W. Wong Construction Co., Inc. v. Superior Court, Case No. A124013 (1st Dist., Div. 1 June 11, 2009) (unpublished) concerned a business plaintiff which won a $131,338.57 damages judgment, which they appealed but paid off. Later, the trial court awarded plaintiff costs in the amount of $28,672.56 and attorney’s fees in the amount of $370,955.20, determinations separately appealed. (BLOG OBSERVATION—Defendants prudently separately appealed the subsequent costs/fee order, a practice we have recommended many times in our category “Appealability.” The appellate panel did indicate that no separate appeal was necessary in this situation because the damages judgment did indicate that plaintiff was the prevailing party for costs and fees, which means the appeal of the first damages order subsumed the later order under Grant v. List & Lathrop, 2 Cal.App.4th 993, 998 (1992) and later cases such as Amwest Surety Ins. Co. v. Patriot Homes, Inc., 135 Cal.App.4th 82, 84 (2005). However, the Court of Appeal did agree with us, observing “[t]he normal practice, however, is to appeal both the judgment and the subsequent award” and citing in support Torres v. City of San Diego, 154 Cal.App.4th 214, 222 (2007).)
Even though defendants had paid off the first damages judgment, plaintiff moved for the trial court to order a discretionary undertaking under Code of Civil Procedure section 917.9(a), which provides “[t]he perfecting of an appeal shall not stay enforcement of the judgment or order in cases not provided for in Sections 917.1 to 917.8, inclusive, if the trial court, in its discretion, requires an undertaking and the undertaking is not given, in any of the following cases: … (3) The judgment against appellant is solely for costs awarded to the respondent by the trial court pursuant to Chapter 6 (commencing with Section 1021) of Title 14.” The trial court denied the request, finding that no undertaking was required for a “solely costs” judgment and none of the section 917.9(a) circumstances were at play.
The appellate court overturned this determination, issuing a peremptory writ of mandate to exercise its discretion under section 917.9(a)(3).
Defendants mainly argued that section 917.9(a)(3) only applies to “judgments,” not “orders,” such that the provision was not applicable to the postjudgment orders at issue.

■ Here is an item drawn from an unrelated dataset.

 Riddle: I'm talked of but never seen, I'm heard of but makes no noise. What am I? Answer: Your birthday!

Based on the use of the terms throughout the relevant statutory scheme, the Court of Appeal rejected this argument: “Reading section 917.9(a)(3) to arbitrarily prohibit an exercise of the trial court’s discretion to require an undertaking on appeal of such final money awards simply because they are labeled ‘orders’ and not ‘judgments’ is unreasonable.” (Slip Opn., at p. 4.)

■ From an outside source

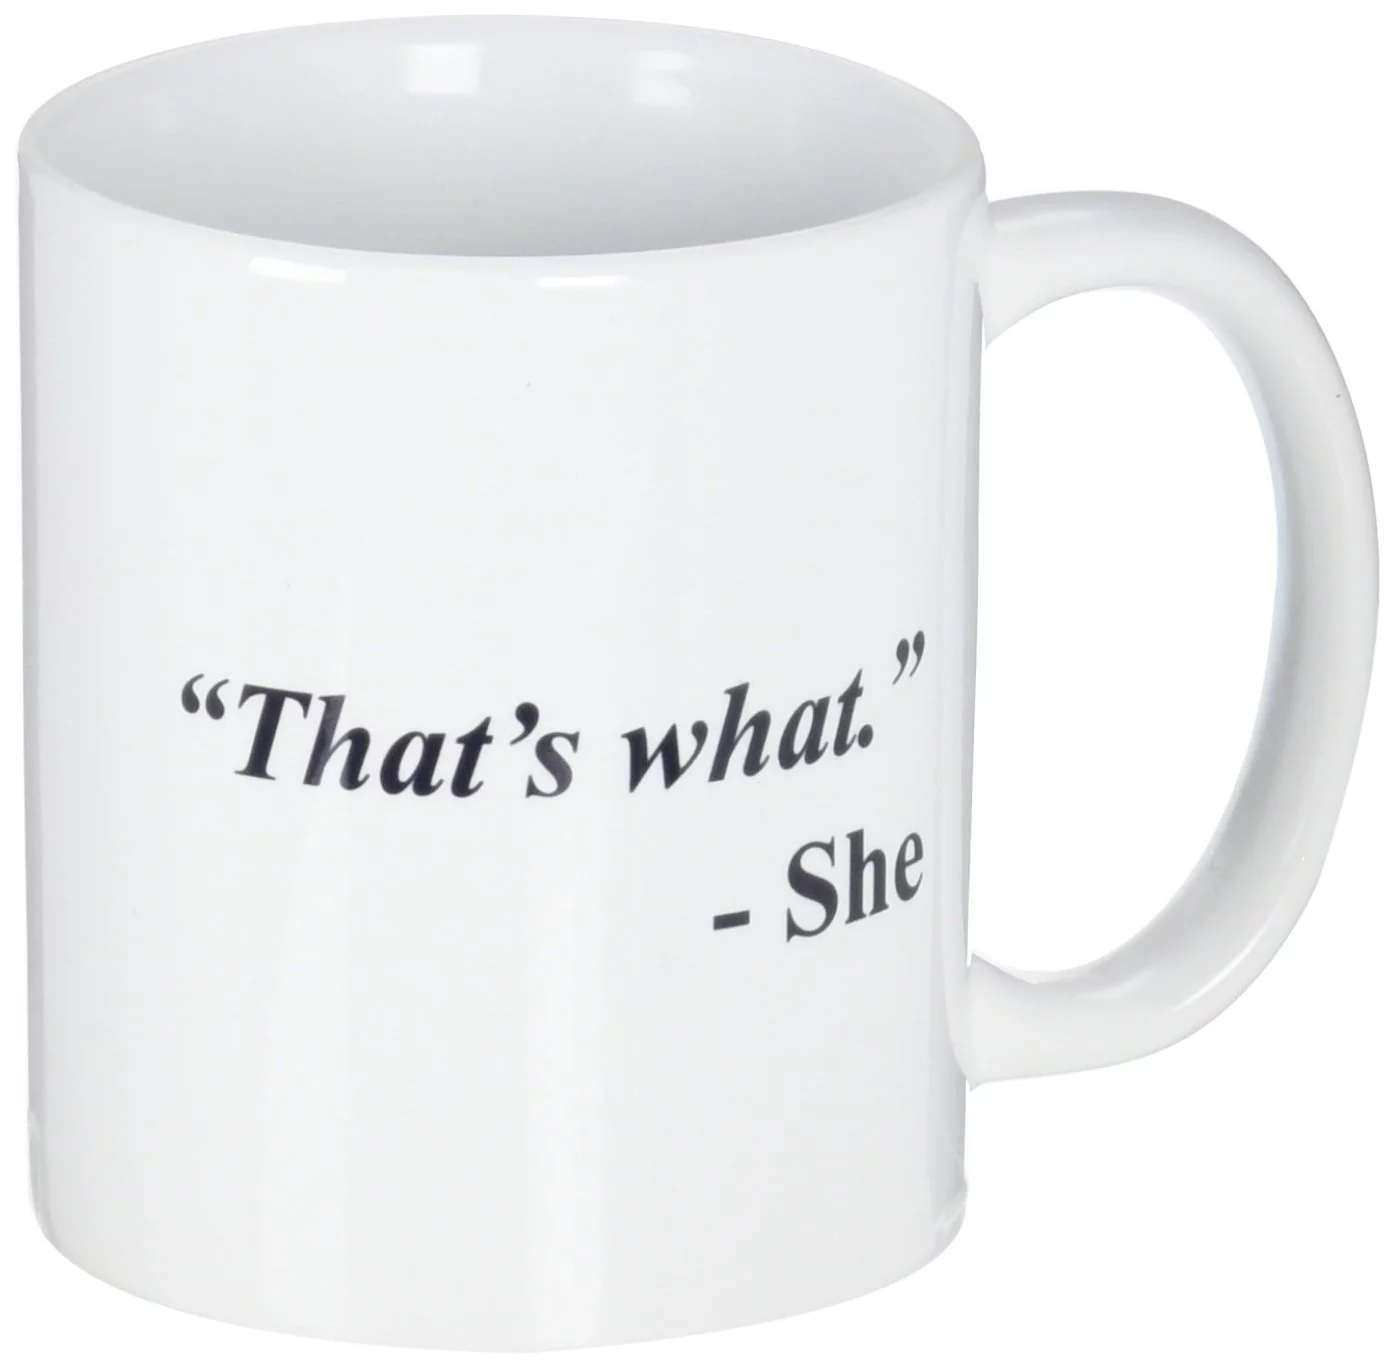 Best Coworker Gifts 2022: Funny That's What She Said Mug for Boss 2022

The appellate court found support for its conclusion from other circumstances of record. Because defendants appealed both orders, the judgment was not a “solely costs” judgment so as to fall within section 917.9(a)(3), a result compelled by common sense. After all, the costs/fee orders totaled over $400,000, and it defied logic to believe that section 917.9(a)(3) “completely insulated [them] from any exercise of the court’s discretion, no matter what the circumstances.” (Slip Opn., at p. 5.) Then, in a footnote, the appellate panel also stressed that even if section 917.1 did not mandate an undertaking meant that it was a case “not provided for in Sections 917.1 to 917.8,” which further meant that it was within the ambit of the discretionary authority of the court under section 917.9(a).